The human body displays a complex array of biological functions mediated by the expression of mRNA and proteins. The construction of complex organs, such as the kidney or the brain, is far from understood and there is a need to dissect in a systematic manner the expression of genes and proteins using quantitative methods. The complete sequences of human genomes (Lander et al, 2001
; Venter et al, 2001
) have facilitated such studies and opened up the possibility for whole-genome analysis on both the RNA and the protein levels. The ultimate goal of such an endeavor is to define the quantitative levels of the transcriptome and the proteome in various cell types in human tissues and organs.
We have recently described an antibody-based immunohistochemistry analysis of 48 human organs and tissues (Ponten et al, 2009
) based on proteins corresponding to one third of all human genes, showing that a large portion of the analyzed proteins were detected across the tissues in a ubiquitous manner. This led to the suggestion that tissue specificity is achieved by precise regulation of protein levels in space and time, and that different tissues in the body acquire their unique characteristics by controlling not which proteins are expressed but how much of each is produced (Ponten et al, 2009
). Similarly, a detailed study of 1% of the human genome showed that chromosomes are ubiquitously transcribed and that the majority of all bases are included in primary transcripts (Birney et al, 2007
). These results have recently been supported by deep sequencing, demonstrating that a majority of the transcripts can be detected in a human cell line (Sultan et al, 2008
) and that a large fraction (75%) of the human protein-coding genes are expressed in most tissues (Ramskold et al, 2009
Most analyses of whole proteomes by mass spectrometry have so far been performed on yeast cells (Ghaemmaghami et al, 2003
; de Godoy et al, 2008
; Picotti et al, 2009
). Analysis of the human proteome using mass spectrometry has so far only been performed on a moderate fraction of the complete proteome. The proteomic limitation combined with the limitation of quantification accuracy in array-based methods for RNA analysis have resulted in relatively low correlations between RNA and protein levels (de Sousa Abreu et al, 2009
), as exemplified by studies on yeast (Griffin et al, 2002
; Greenbaum et al, 2003
) and human cancers (Chen et al, 2002
). Recent technological advances in the field of mass spectrometry make it possible to perform deep proteome analysis also of complex organisms (Cox and Mann, 2007
) with quantitative mass spectrometry methods such as the stable isotope-based SILAC method (Ong et al, 2002
; Mann, 2006
). The technological developments of RNA-seq together with accurate SILAC quantification enable a global comparative analysis of RNA and protein levels and changes in higher eukaryotes such as humans.
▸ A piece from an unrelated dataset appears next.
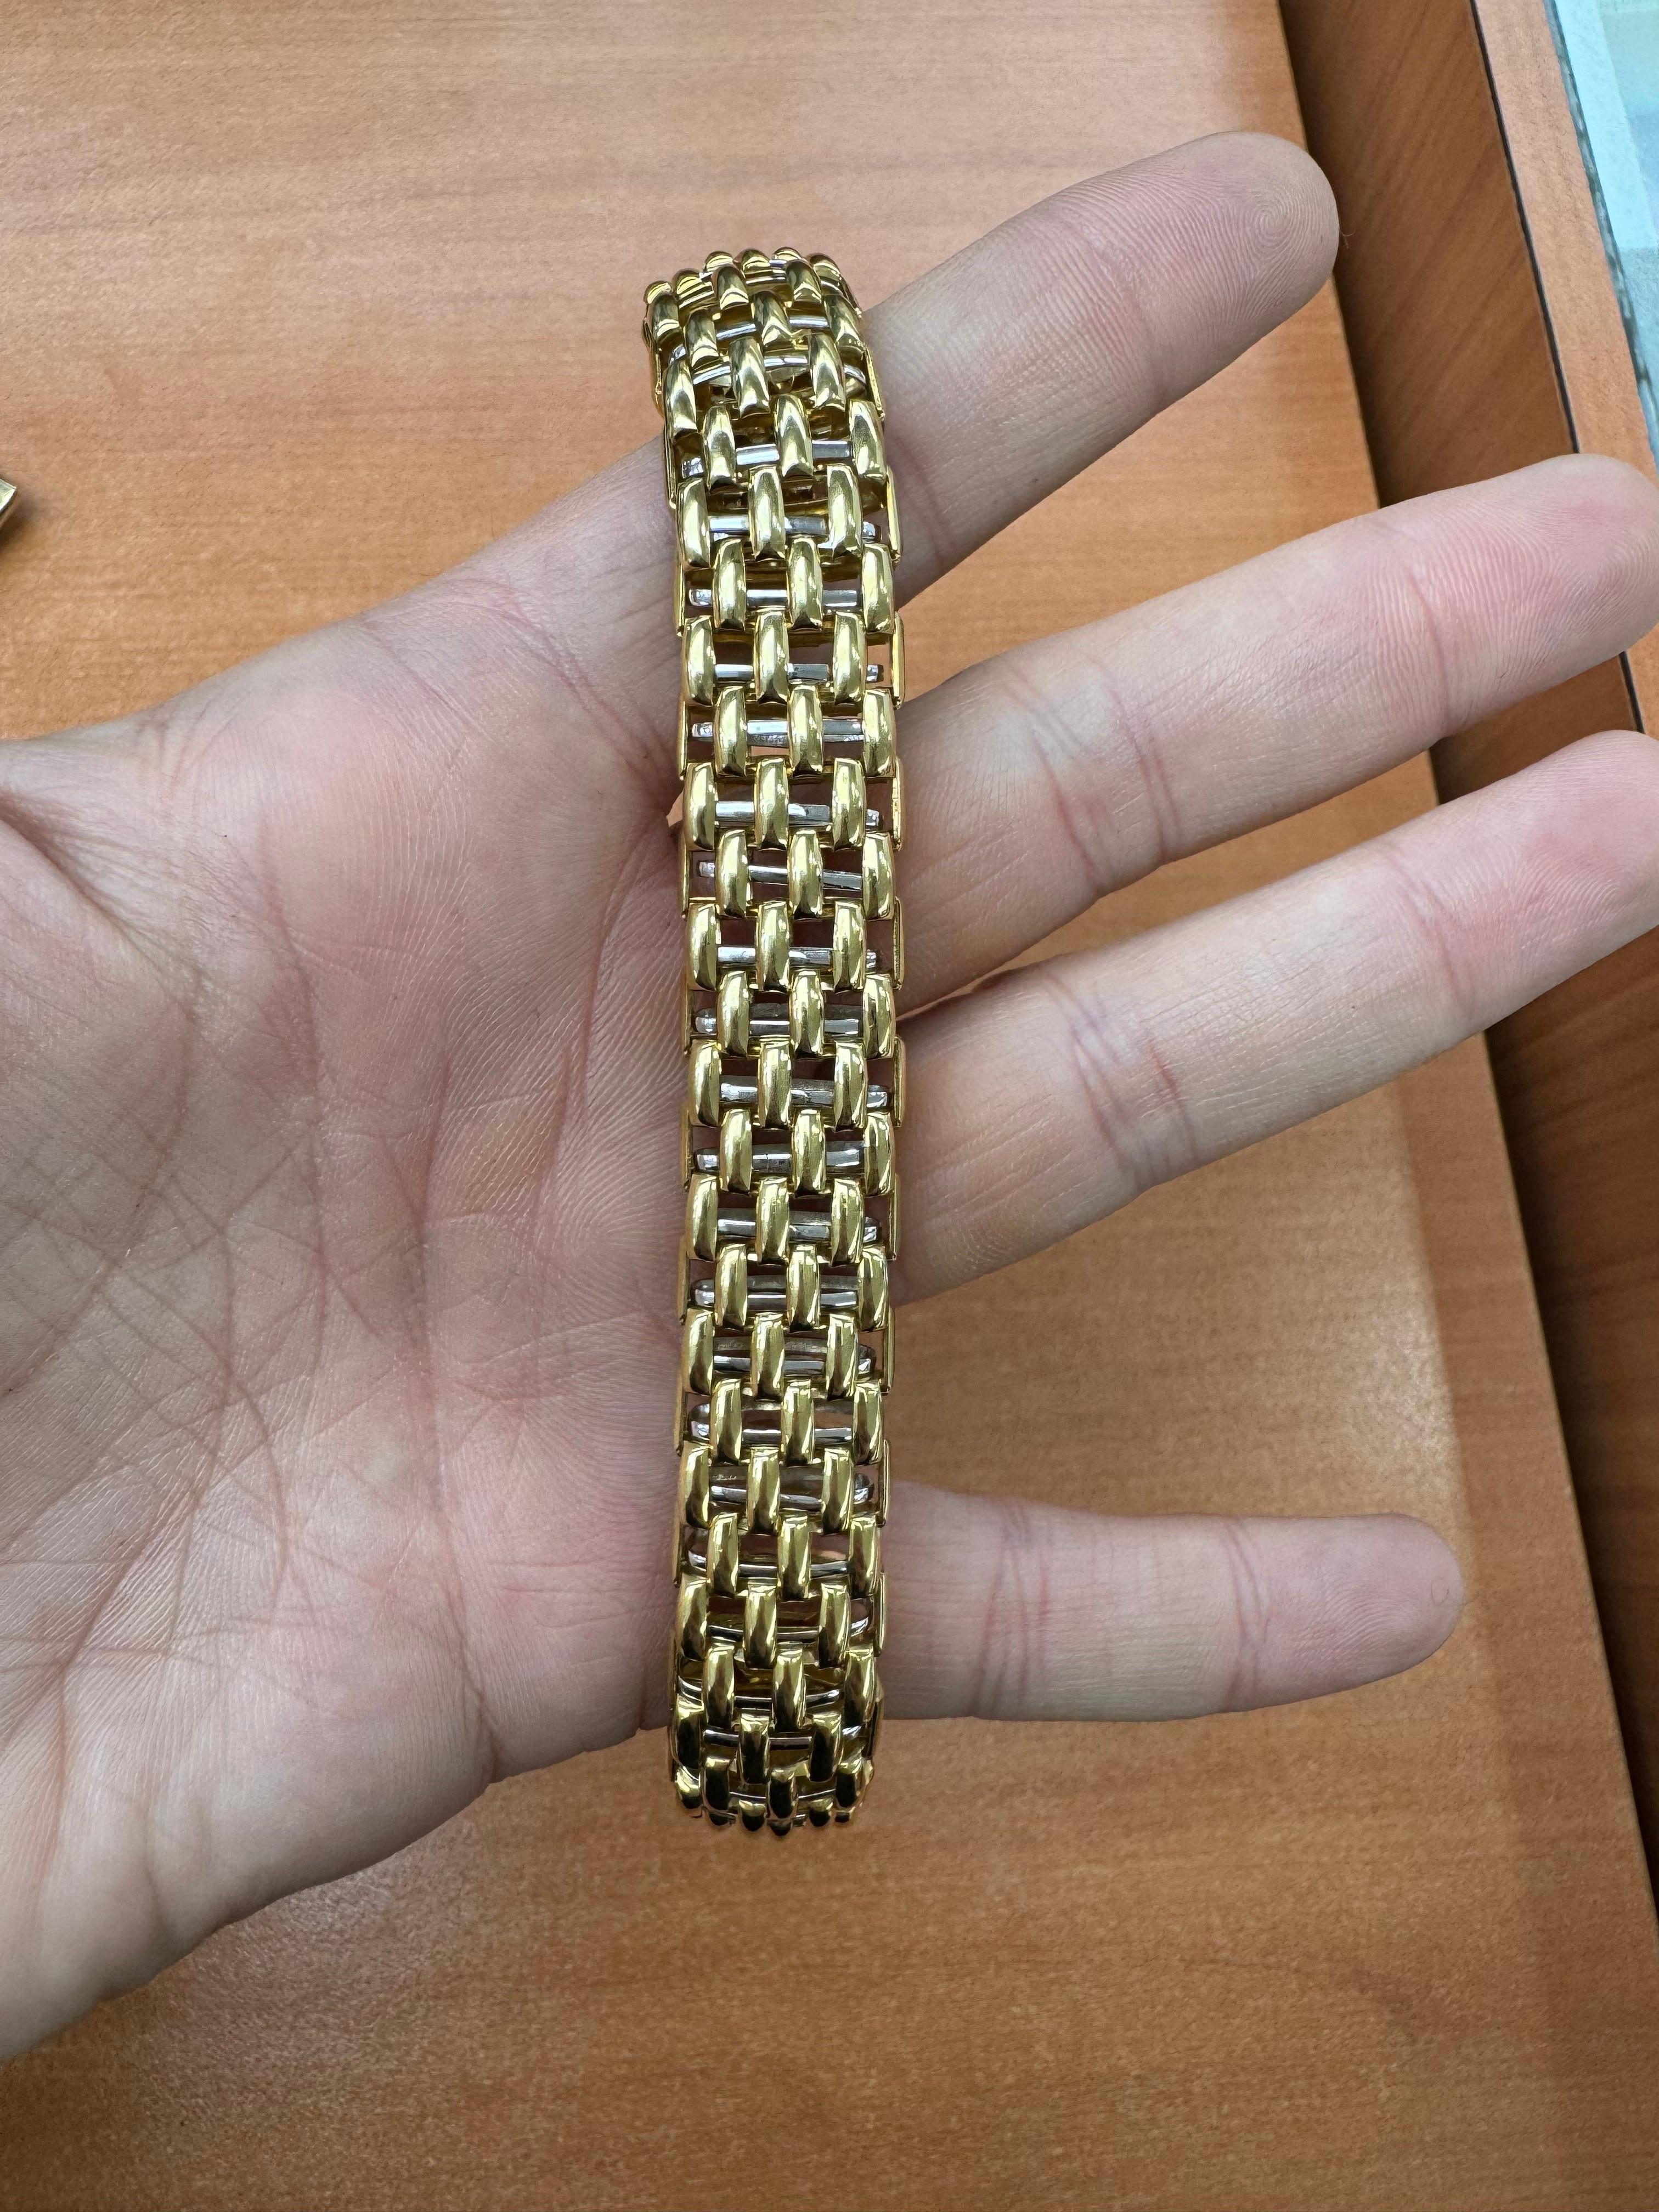 Fope Two-Tone Gold Basket Woven Motif Bracelet 49.2 Grams 18 Karat Yellow Gold In Excellent Condition For Sale In New York, NY

A complication in global comparisons of RNA and protein levels in tissues and organs is the multitude of cell types and developmental stages present in most tissues. We have therefore decided to compare the human transcriptome and the proteome with quantitative methods in three established human cell lines of different functional origins allowing an analysis of relatively homogenous cellular populations. Although caution needs to be taken due to the artificial nature of cell lines grown in vitro
, the aim of the study was to categorize all the protein-coding genes based on their cell specificity and expression levels. The analysis was performed using deep sequencing of mRNA, proteomics analysis using triple isotope labeled SILAC mass spectrometry and antibody-based confocal microscopy (Barbe et al, 2008
; Berglund et al, 2008
). The RNA-seq data give the absolute number of reads per kilobase for each gene. The triple-SILAC MS data accurately determine the relative abundance of each of the proteins in the three cell lines. Furthermore, the summed peptide intensities roughly estimate the absolute amount of each of the identified proteins. Since the cells were harvested during exponential growth, steady-state levels of RNA and proteins could be analyzed and compared. The study further allowed quantitative analysis of changes on the RNA and protein levels between the three cell lines, and allowed us to annotate the expression of all genes across these functionally different cells.